Один случай еще больше встревожил нас. «Игры» предполагалось показать в тот же день, что и торжественное открытие Театра на Елисейских Полях. За неделю до этого дня на крыше еще велись работы. Чтобы залезть на нее, рабочие вынуждены были проходить через зал, где мы репетировали, и это выводило Вацлава из себя. Однажды он стал выталкивать одного кровельщика взашей и орать, что если тот еще раз посмеет ему помешать, он его убьет. С этими словами он схватился за стул и принялся размахивать им, готовый швырнуть прямо в лицо бедняге. Мы с Людмилой рванулись к Вацлаву и не без труда вырвали у него стул.
Вот я пишу об этом, а память подсказывает мне: возможно, это были первые признаки безумия у Нижинского. Поскольку Ида Рубинштейн отказалась от роли главной нимфы в «Послеполуденном отдыхе фавна», Вацлав сразу же заменил ее своей сестрой Брониславой. А едва услышав от ее мужа, что об этом и речи быть не может, – Броня, как мы все ее называли, была беременна, – впал в неистовую ярость. С тех самых пор ненависть Нижинского к своему шурину стала безграничной – ненависть жгучая и упорная, которой ее адресат ни в коей мере не заслуживал.
Есть еще один артист, масштаба ничуть не меньшего, тоже заметивший первые признаки сумасшествия у Нижинского, – это Чарльз Чаплин. Одногодки, – один появился на свет месяцем позже другого, – они были просто обречены встретиться, и они действительно встретились во время турне «Русских балетов» в Соединенных Штатах в 1916 году. Есть фотоснимок, на котором оба стоят рядом, улыбаясь, и Вацлав обнимает Чарли за плечо.
Перед началом спектакля Нижинский предложил Чаплину забежать к нему в антракте в гримерку. Чаплин пришел, оба дружески болтали. Время шло, объявили начало второго акта, но Нижинский продолжал беседу как ни в чем не бывало, заставляя публику ждать. Он просто не желал вернуться на сцену или это был приступ потери памяти? Позже Чаплин истолковал такое поведение как предвестие недуга.

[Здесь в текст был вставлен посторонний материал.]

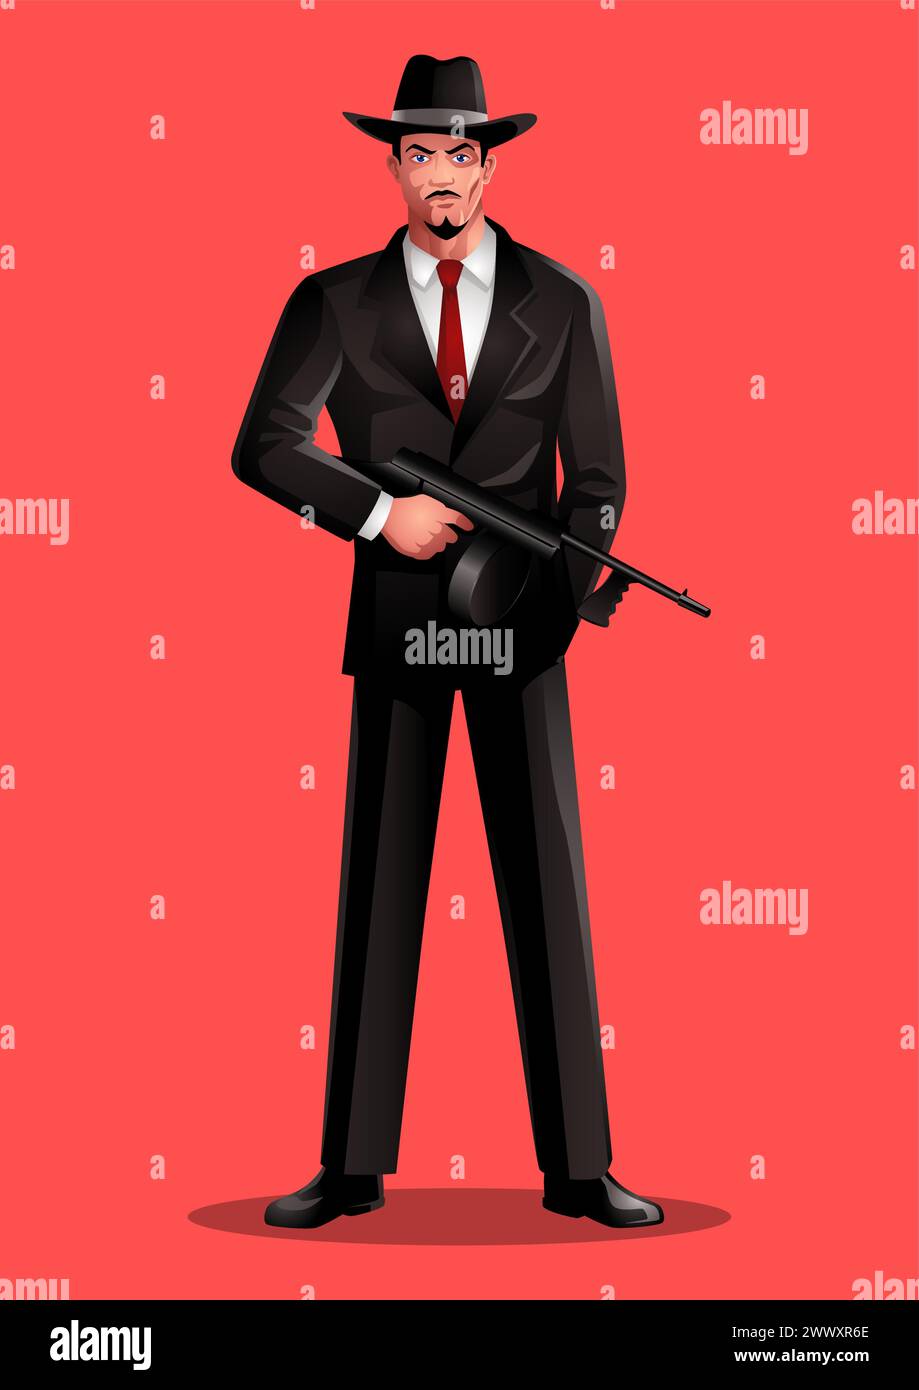 Vector illustration of of a man holding machine gun, gangster, mobster, mafia character Stock Vector

«Я объездил весь мир, и в нем мало гениев, – напишет Чаплин в мемуарах («Моя биография»), – Нижинский был одним из таковых. Он оказывал на публику действие почти гипнотическое, он выглядел как бог… Каждый жест его был полон поэзии, любой прыжок выглядел как полет к какой-то странной фантазии… Через полгода после нашей встречи Нижинский потерял рассудок».
Встреча произвела такое сильное впечатление на Чаплина, что тот планировал снять о Нижинском фильм. Проект так и не состоялся. Но поговаривают, что «Солнечная сторона» (1919) и намного более поздние «Огни рампы» (1952) не избежали сильного влияния Нижинского. Что касается первого из этих фильмов, то в сцене, где юные девушки радостно резвятся на свежем воздухе, не заметно ни малейшего намека на «Послеполуденный отдых фавна», как об этом пытались писать, – тут скорее пародия на весьма модный в те годы стиль Айседоры Дункан, – и притом пародия куда мягче тех, какими нас потчевал мой брат!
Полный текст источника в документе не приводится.